Все-таки на душе спокойнее, когда ракеты нацистов проносятся над головой, а не садятся поблизости. К счастью, немцам нет дела до Каньон-Сити и Колорадо. Как и до Юты, Вайоминга и восточной части Невады – малонаселенных штатов, где одни пустыни, горы да пастбища.
«Тут нечем поживиться, – сказала она себе, – поэтому каждому позволено прожить свою жалкую жизнь. Если он захочет. Если жизнь для него что-то значит».
Она услышала, как открывается дверь одной из кабинок. Вышла мисс Дэвис, полноватая молодуха, одетая, со свертком под мышкой.
– О, вы ждали, мисс Фринк? Простите.
– Ничего.
– Мисс Фринк, хочу вам сказать, что дзюдо – это великолепно. Оно мне дает даже больше, чем дзен.
– «Хотите стройные бедра – вам поможет дзен, – процитировала Джулиана. – Потеряйте лишние фунты в безболезненных сатори».[31] Простите мою рассеянность, мисс Дэвис.
– Вам часто делали больно?
– Кто?
– Япошки. Когда вы у них учились.
– О, это было ужасно. Желаю вам никогда не попадать к ним в лапы. Держитесь подальше от побережья.

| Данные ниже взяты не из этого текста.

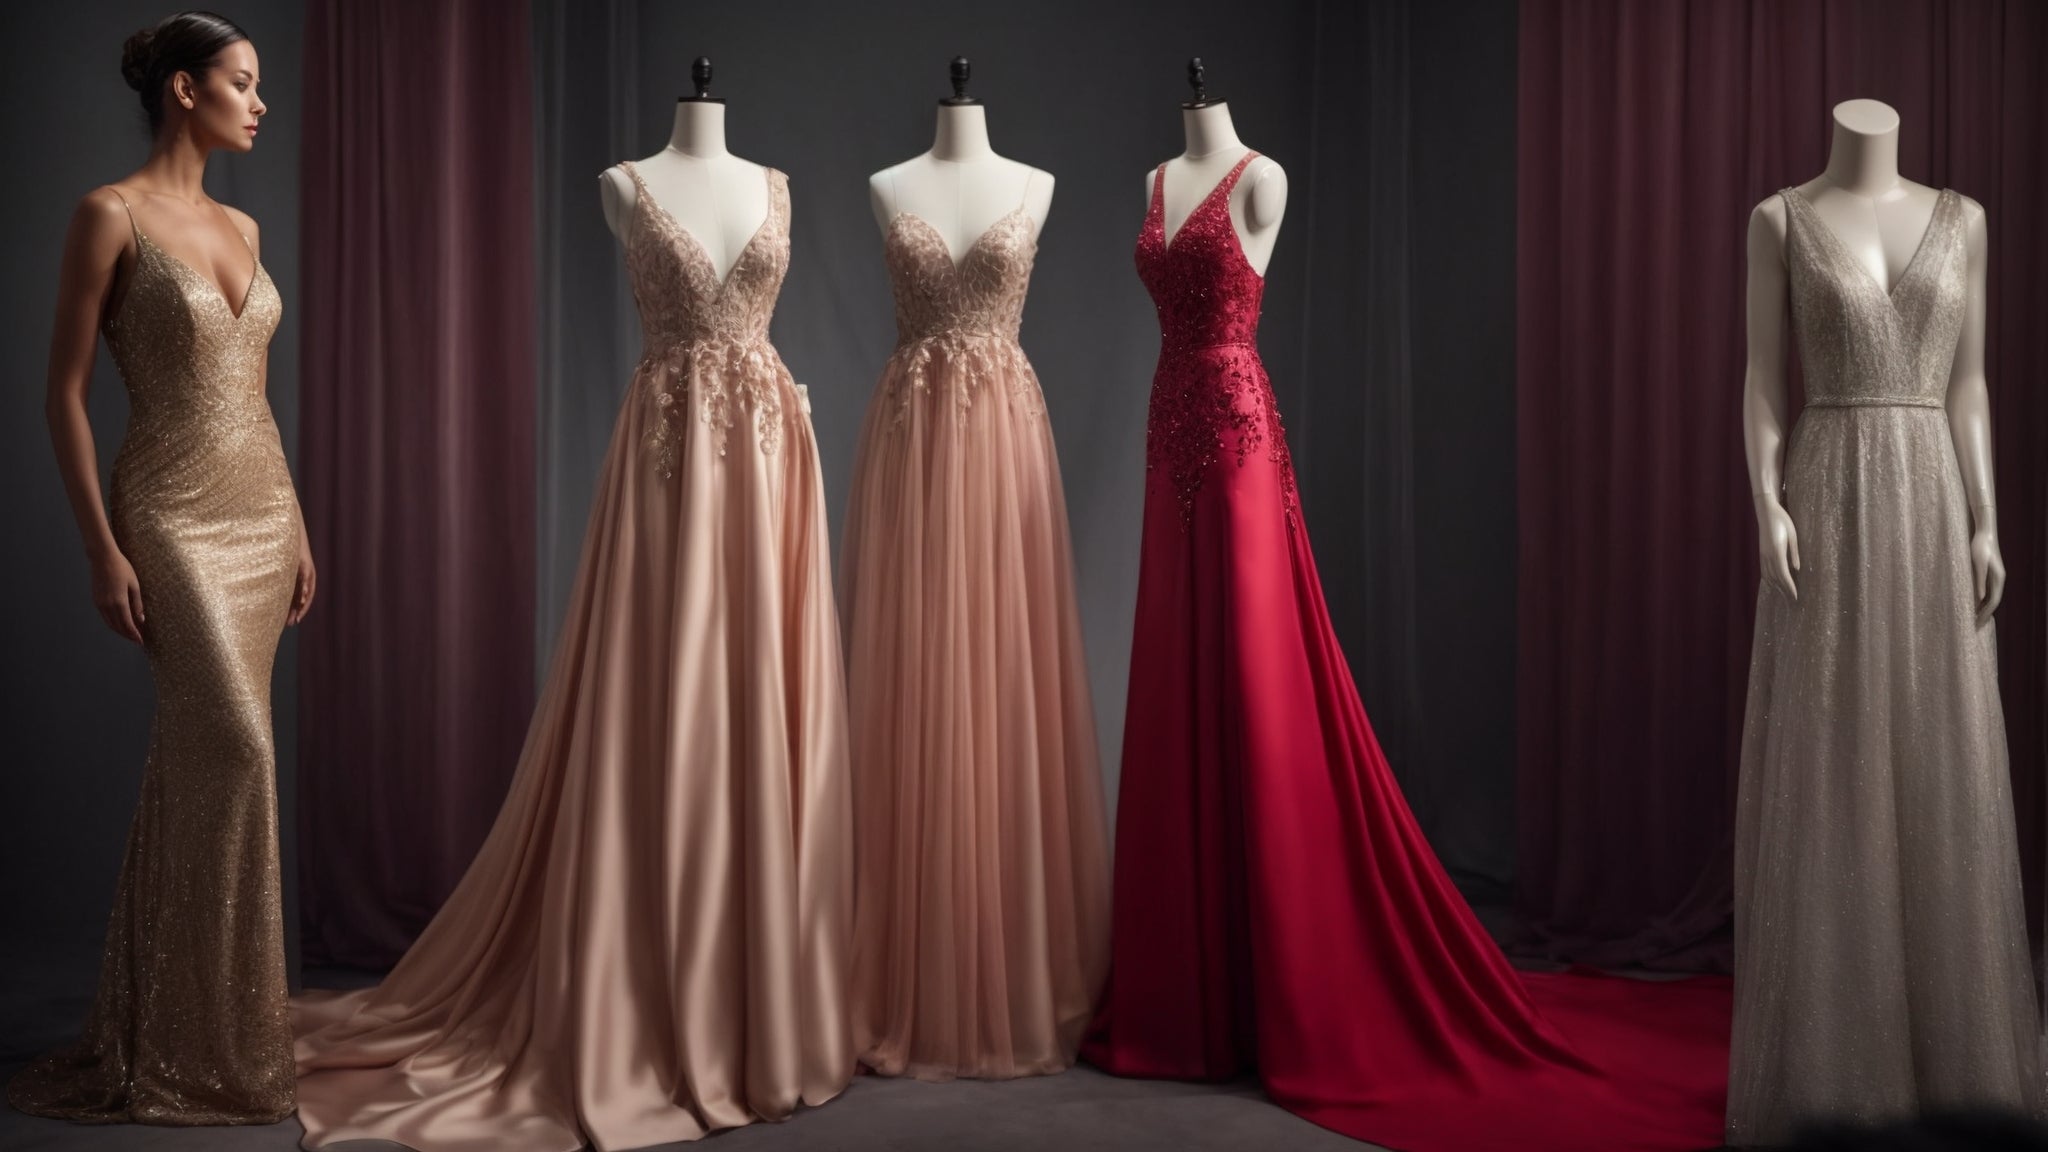 Gown vs. Cocktail Dress: What's the Difference?
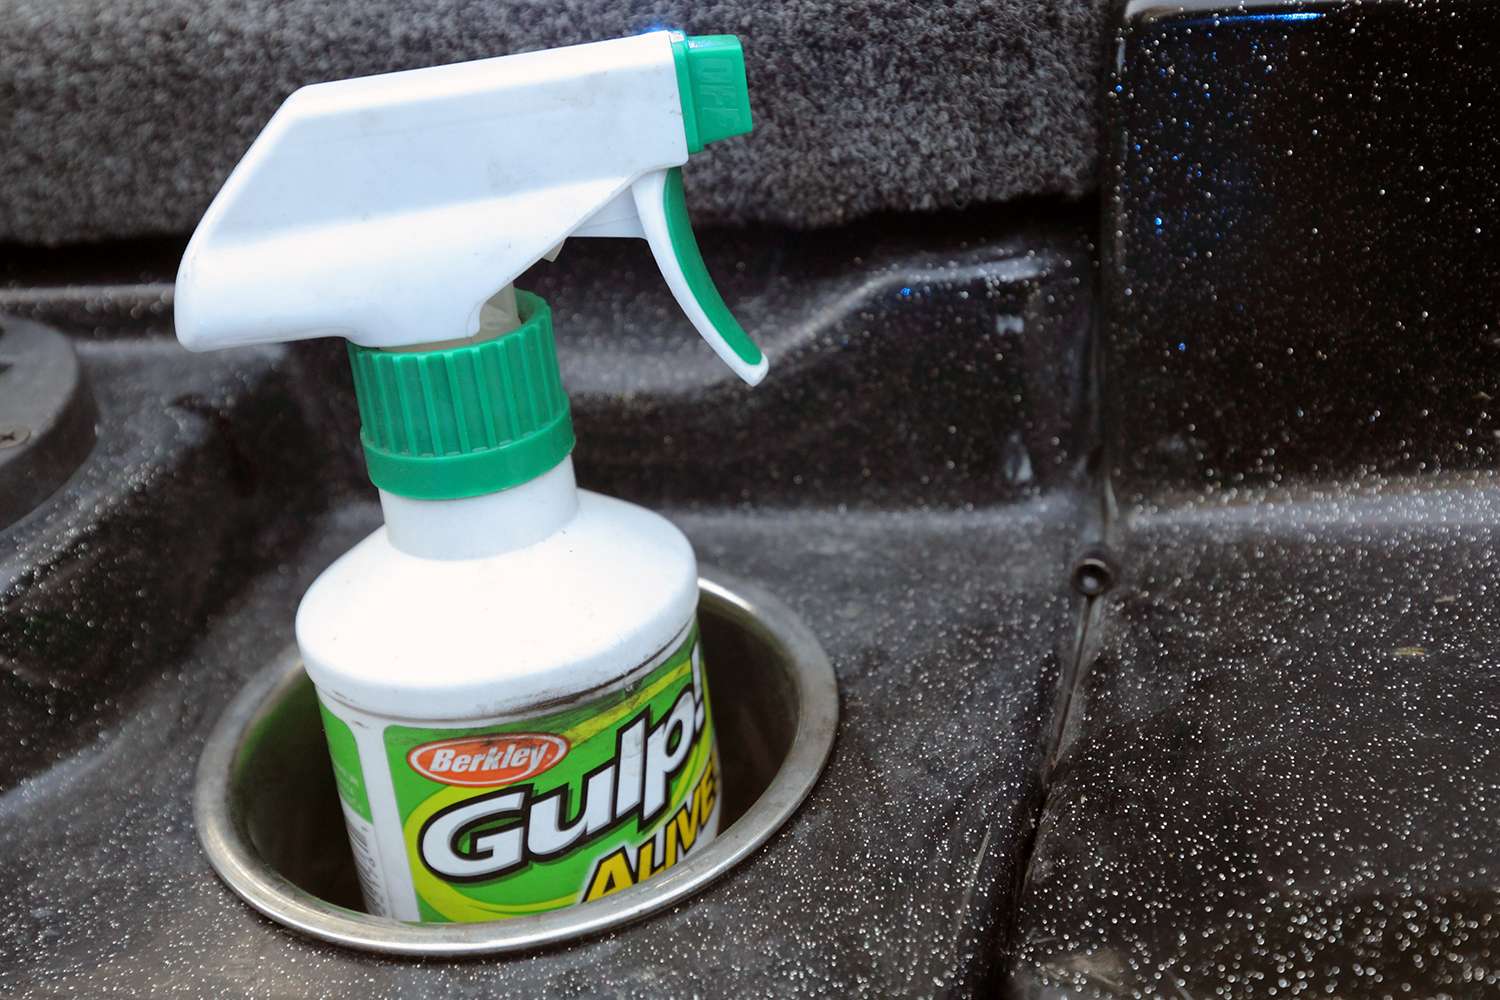 A spray bottle of Gulp! was handy as Bertrand's boat was prepped to head out on a smallmouth fishery. Bertrand said he will spray Gulp! on any soft baits he uses.

– Я еще ни разу не уезжала из Колорадо, – дрогнувшим голосом призналась женщина.
– Они могут и здесь до вас добраться, – предупредила Джулиана. – Вдруг им взбредет в голову оккупировать эту территорию.
– Но война так давно закончилась! – воскликнула Дэвис.
– Откуда нам знать, что у них на уме, – задумчиво произнесла Джулиана. – Японцы – скрытный народ.
– А… что они с вами делали? – с интересом спросила женщина и подступила ближе.
– Все, – ответила Джулиана.
– О господи! Я бы им без боя не далась. – Дэвис обеими руками прижала сверток к телу.
Джулиана попросила извинения, спеша занять кабину: кто-то приближался с полотенцем на плече.
Потом она сидела за столиком «Вкусных гамбургеров Чарли» и без интереса просматривала меню. Из музыкального автомата в углу доносилось что-то фольклорное – гавайская гитара и надрывные стоны. В воздухе стоял запах горелого жира.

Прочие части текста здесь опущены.